AVAILABLE DATA.
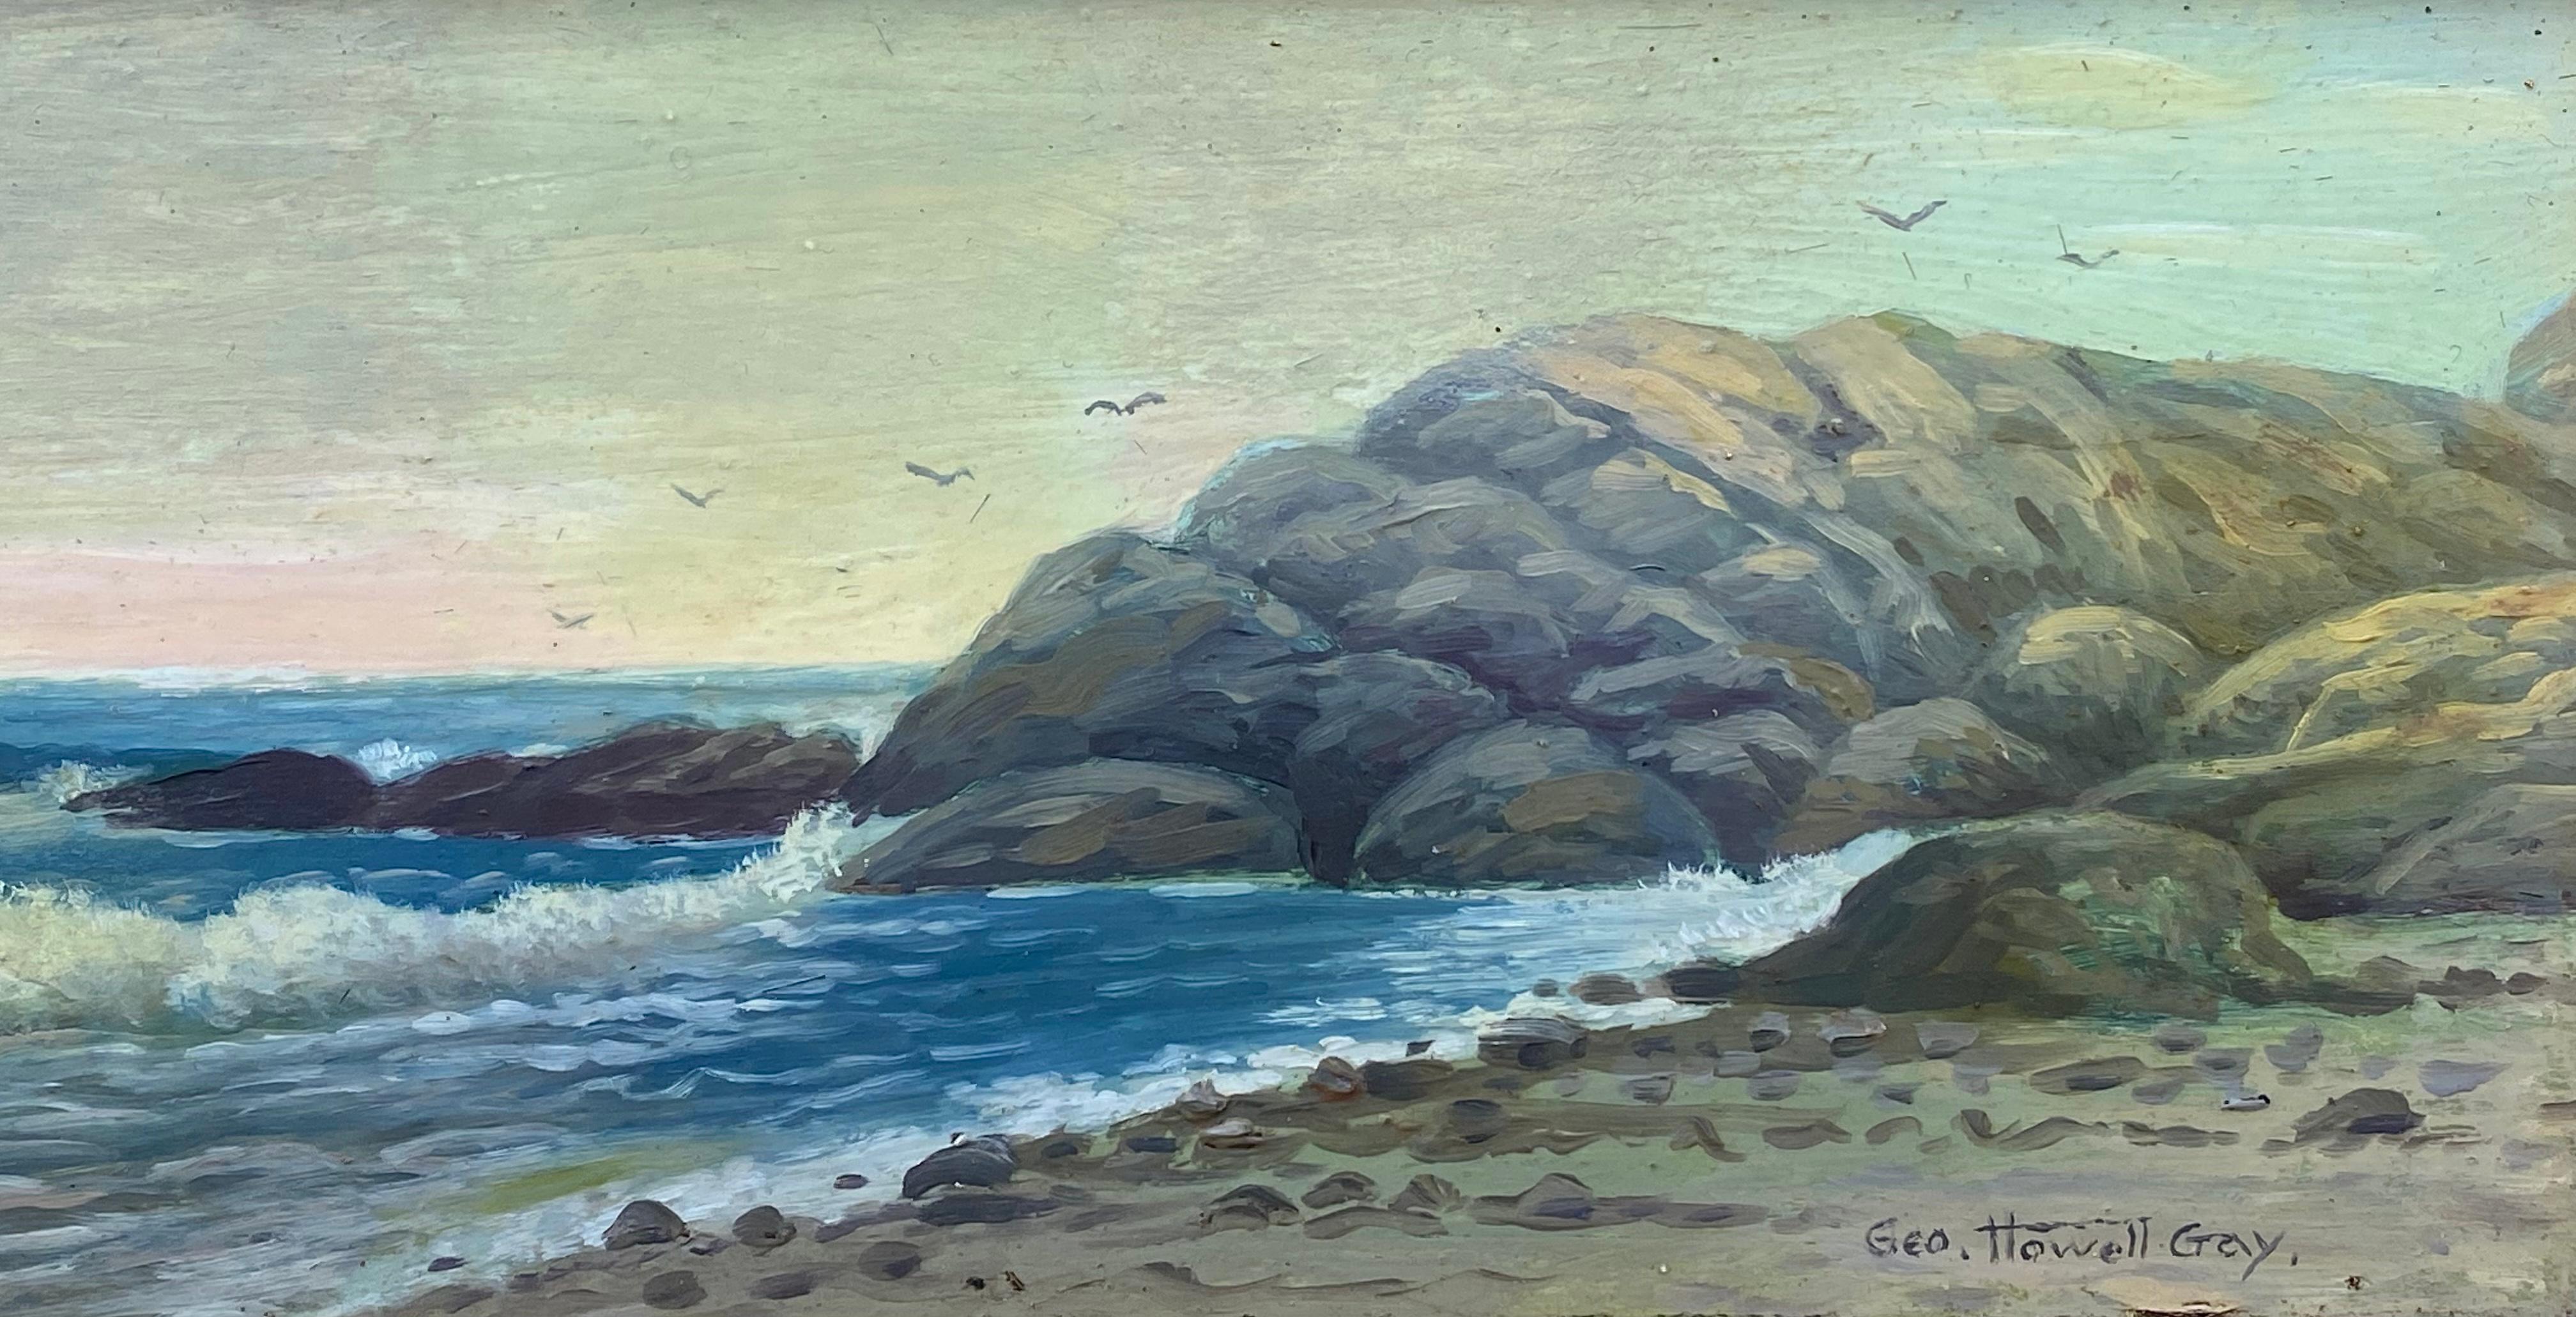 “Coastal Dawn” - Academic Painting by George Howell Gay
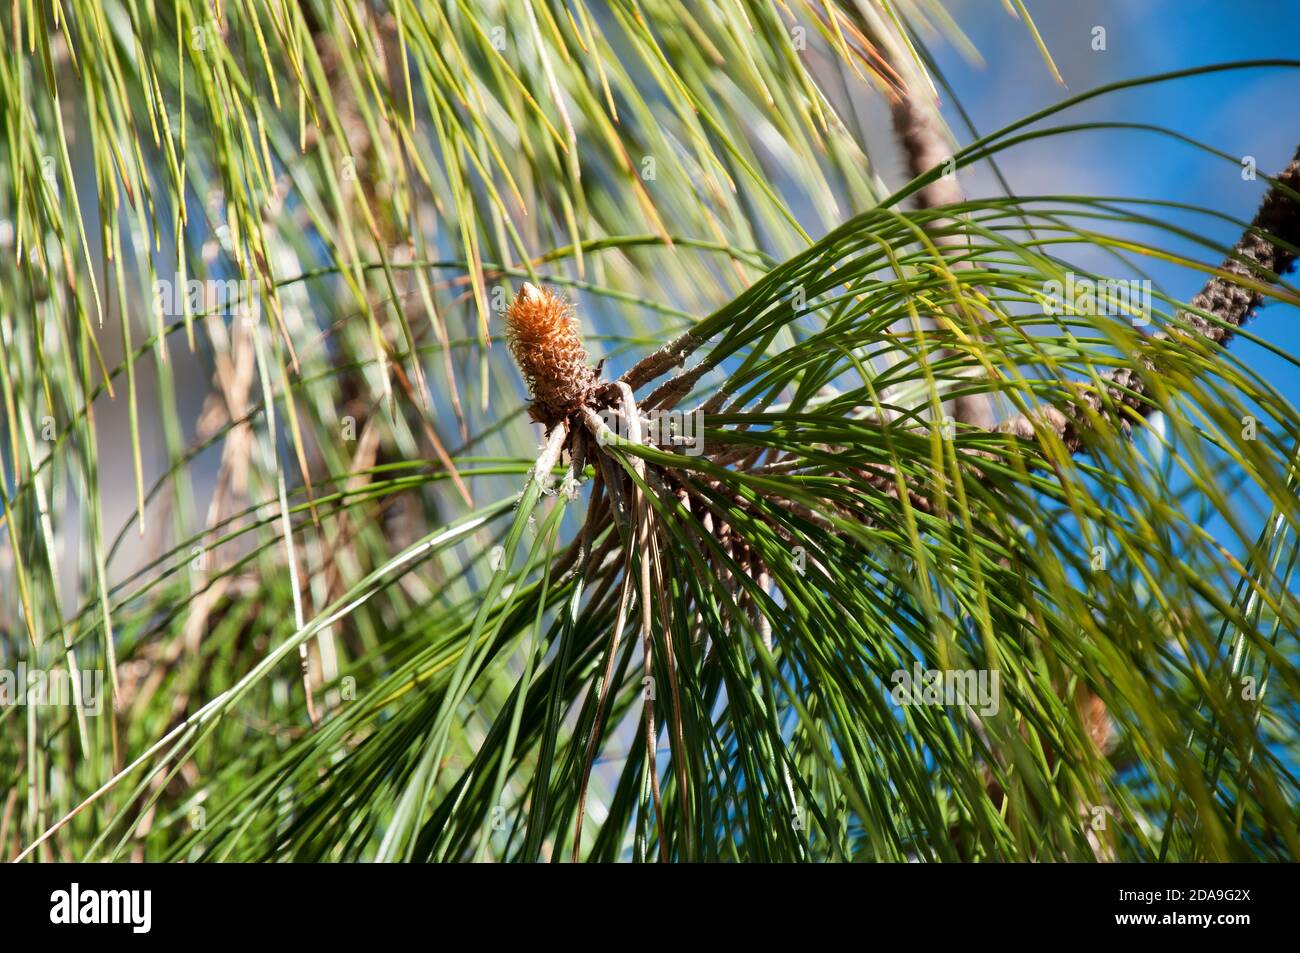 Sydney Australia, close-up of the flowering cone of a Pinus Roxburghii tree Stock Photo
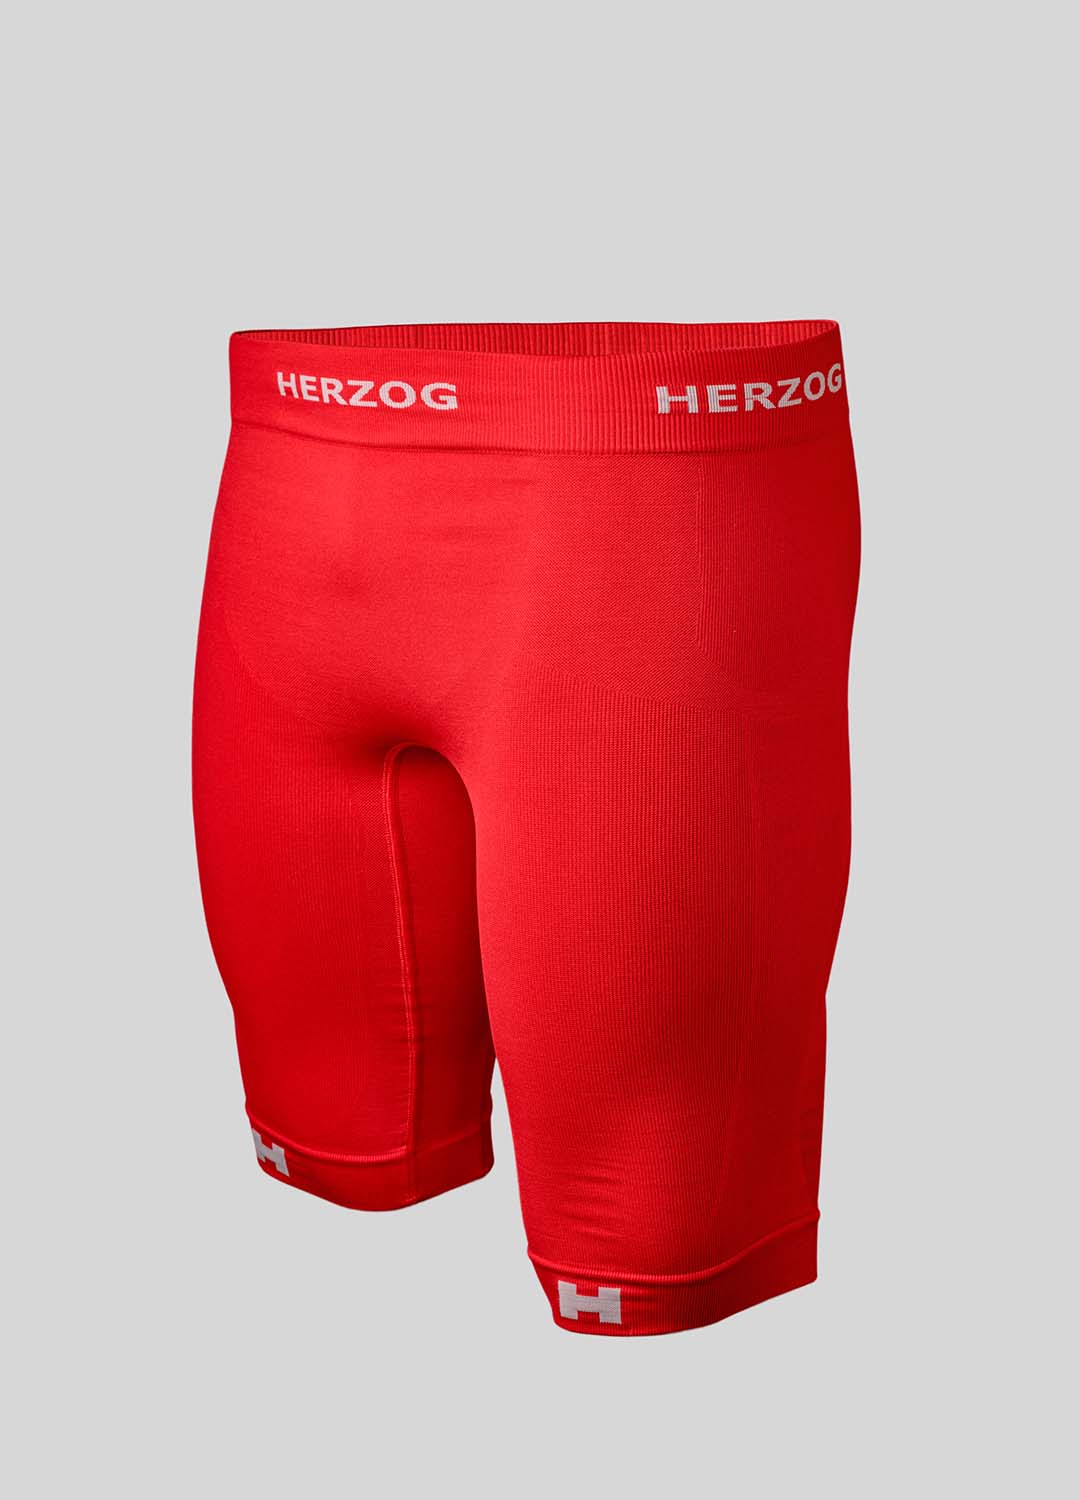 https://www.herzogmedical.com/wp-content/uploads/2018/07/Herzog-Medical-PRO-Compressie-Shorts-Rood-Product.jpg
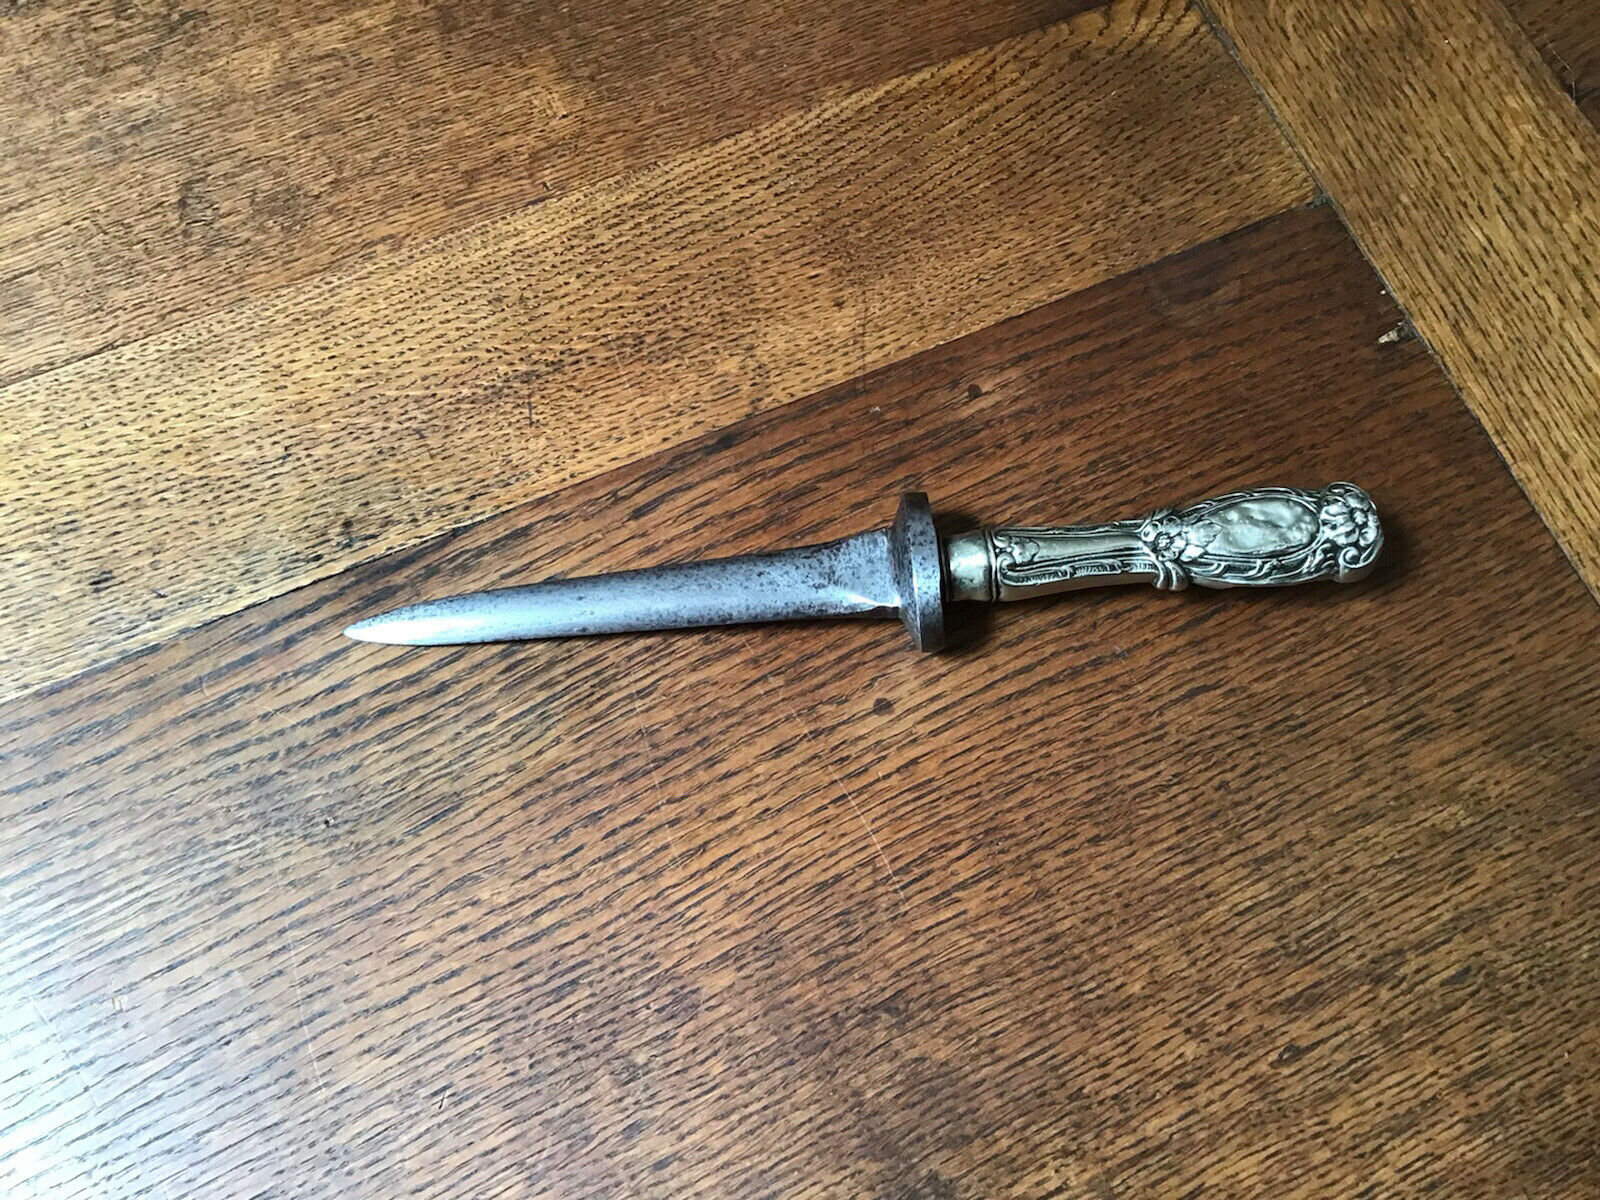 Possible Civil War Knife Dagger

WORK TO BE COMPLETED. What you give back must be the data above, reproduced exactly and free of pictures.

TASK SOLUTION.
 “Coastal Dawn” - Academic Painting by George Howell Gay
 Sydney Australia, close-up of the flowering cone of a Pinus Roxburghii tree Stock Photo
 https://www.herzogmedical.com/wp-content/uploads/2018/07/Herzog-Medical-PRO-Compressie-Shorts-Rood-Product.jpg
 Possible Civil War Knife Dagger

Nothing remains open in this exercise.